21. The method of claim 19 , comprising:
recycling a portion of the liquid CO2 to the melting zone of the rotating freezer/melter; and
using the portion of the liquid CO2 to melt the solid CO2 within the melting zone.
22. The method of claim 19 , comprising:
recovering residual CO2 from the gas mixture via a CO2 separation device downstream of the freezing zone of the rotating freezer/melter;
pressurizing the recovered residual CO2 via a compressor to produce a pressurized CO2 vapor stream; and
using the pressurized CO2 vapor stream to melt the solid CO2 within the melting zone of the rotating freezer/melter.
23. The method of claim 18 , comprising producing power via a power plant, wherein an exhaust gas from the power plant provides the gas mixture, and wherein the gas mixture comprises the CO2, H2O, and inert gas.
24. The method of claim 23 , comprising removing the H2O from the gas mixture via a dehydration system.

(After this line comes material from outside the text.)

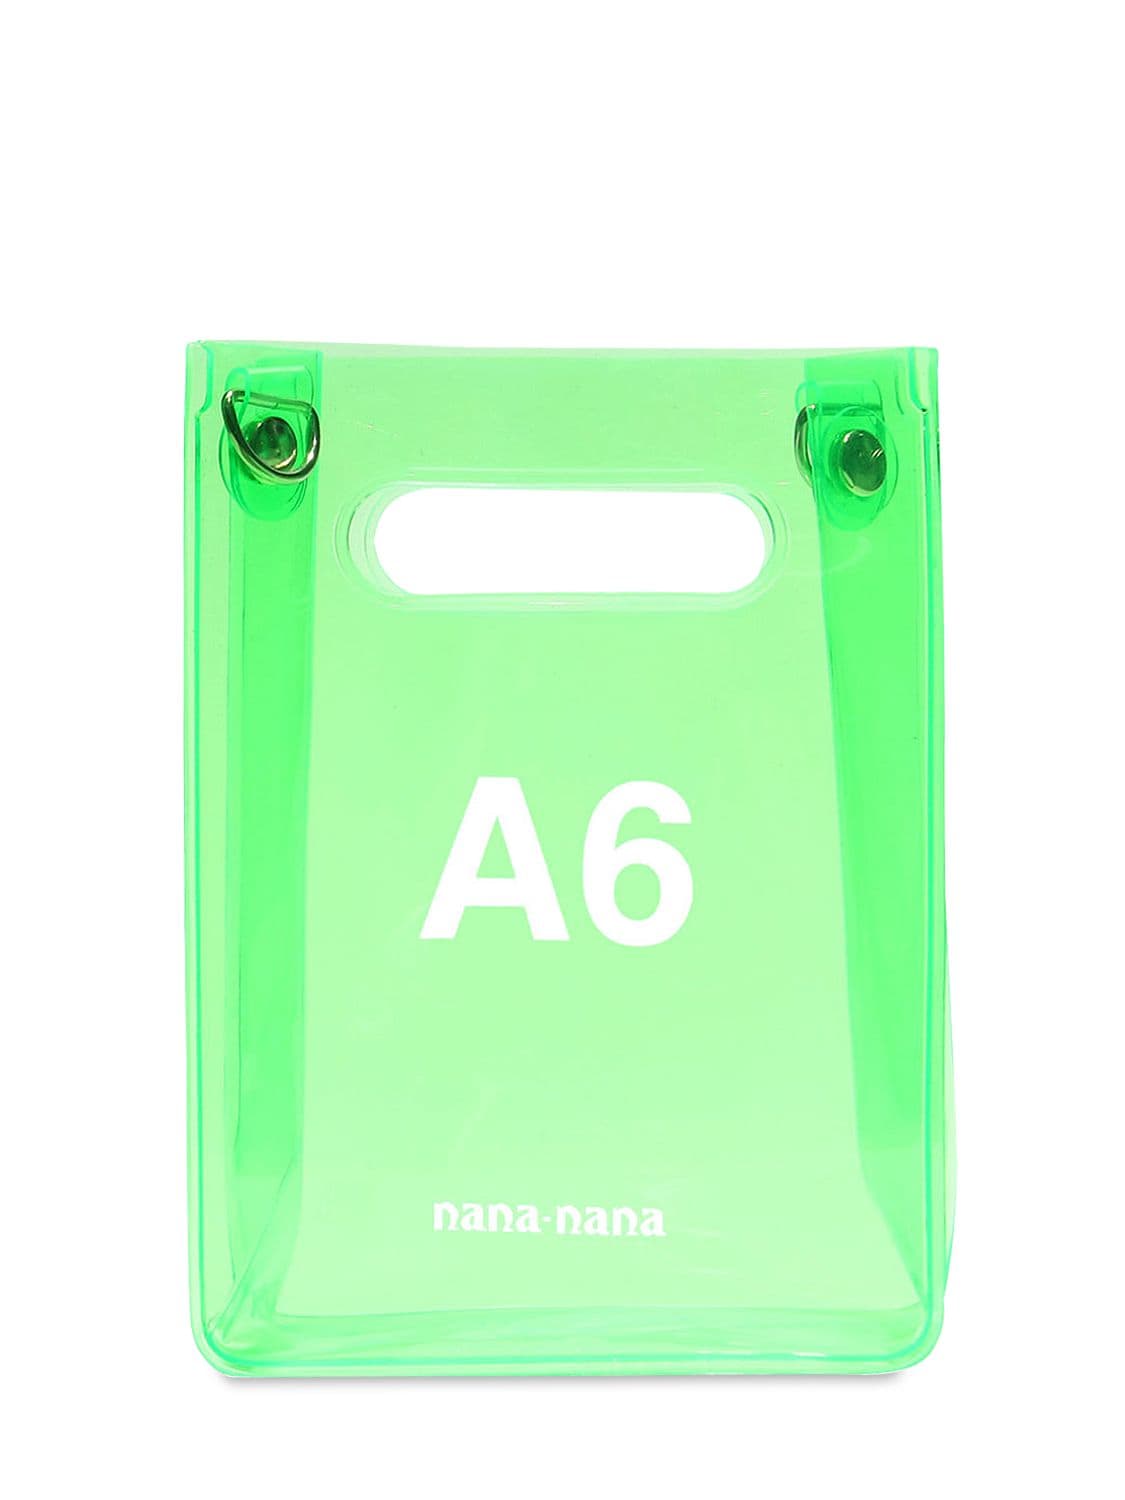 Nana-nana A6 Pvc Shopping Bag In Neon Green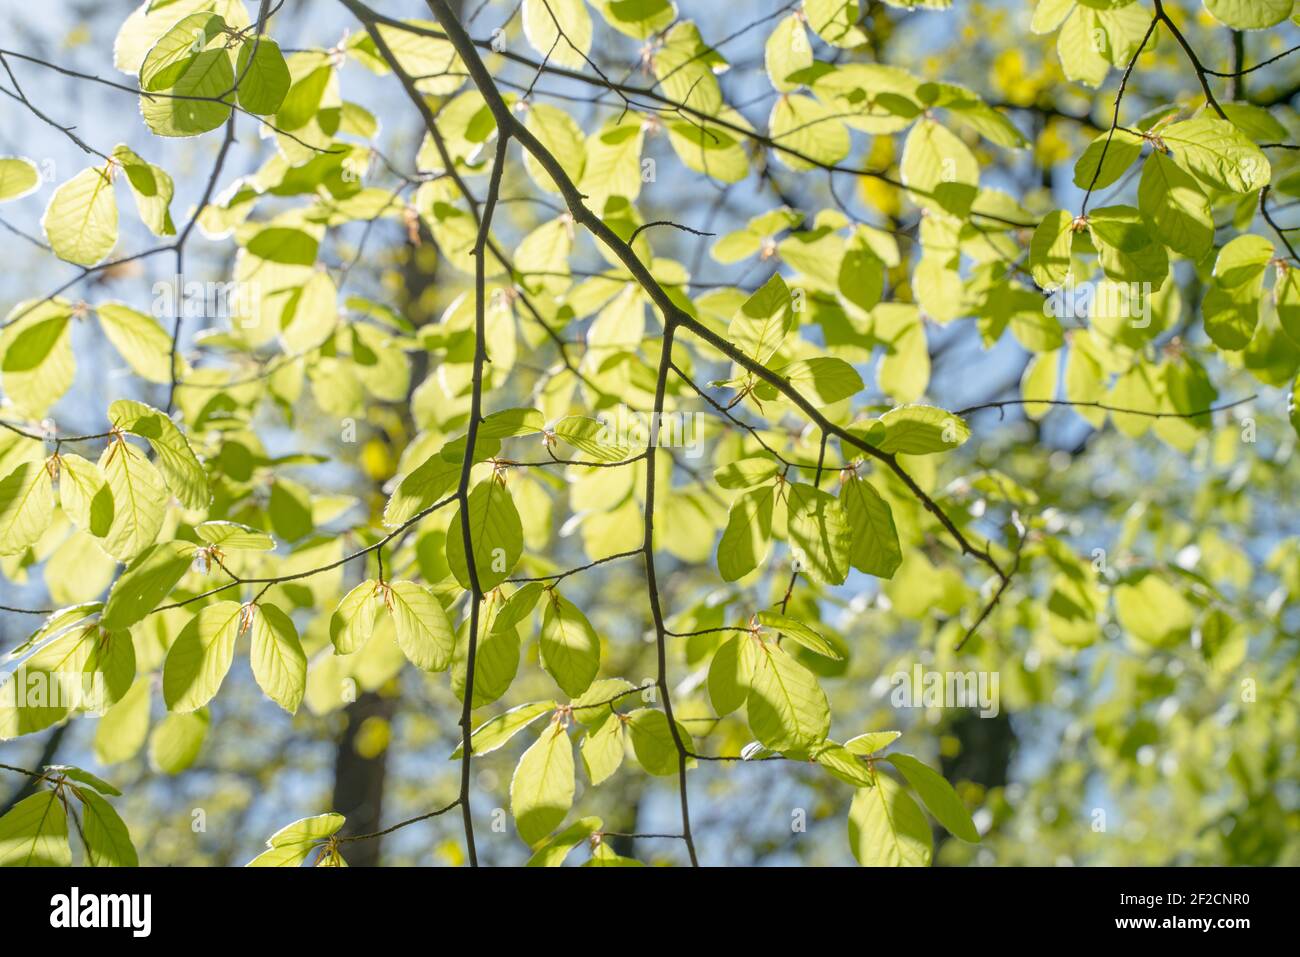 Primo piano immagini di verdi foglie giovani in una giornata di sole nei boschi in primavera, quando la natura si sveglia a fiorire con la luce del sole che pascola attraverso gli alberi Foto Stock

25. The method of claim 23 , wherein producing the power via the power plant comprises:
providing mechanical energy via an expander turbine using energy extracted from the gas mixture after combustion of the gas mixture in a combustor; and
generating electricity via a generator using the mechanical energy provided by the expander turbine.
26. The method of claim 23 , wherein producing the power via the power plant comprises:
providing mechanical energy via an expander turbine using energy extracted from the gas mixture after combustion of the gas mixture in a combustor;
generating steam via a heat recovery steam generator (HRSG) by heating a boiler with an exhaust stream from the expander turbine;
providing mechanical energy via a steam turbine using energy extracted from the steam generated by the HRSG; and
generating electricity via a generator using the mechanical energy provided by the expander turbine and the steam turbine.
27. A rotating freezer/melter for recovering carbon dioxide (CO2) from a gas mixture, comprising:
a freezing zone;
a melting zone; and
a rotor configured to rotate through the freezing zone and the melting zone;
wherein solid CO2 formed from a gas mixture is captured on the rotor while the rotor is rotating through the freezing zone, and wherein the solid CO2 melts and flows through the rotor as liquid CO2 while the rotor is rotating through the melting zone.
28. The rotating freezer/melter of claim 27 , wherein the rotor comprises porous ceramic.
29. The rotating freezer/melter of claim 27 , wherein the rotor comprises a plurality of layers of metal mesh screens.
30. The rotating freezer/melter of claim 27 , comprising a sealing device for individually sealing both the freezing zone and the melting zone of the rotating freezer/melter.
31. The rotating freezer/melter of claim 27 , wherein gaseous components within the gas mixture flow through the rotor while the rotor is rotating through the freezing zone.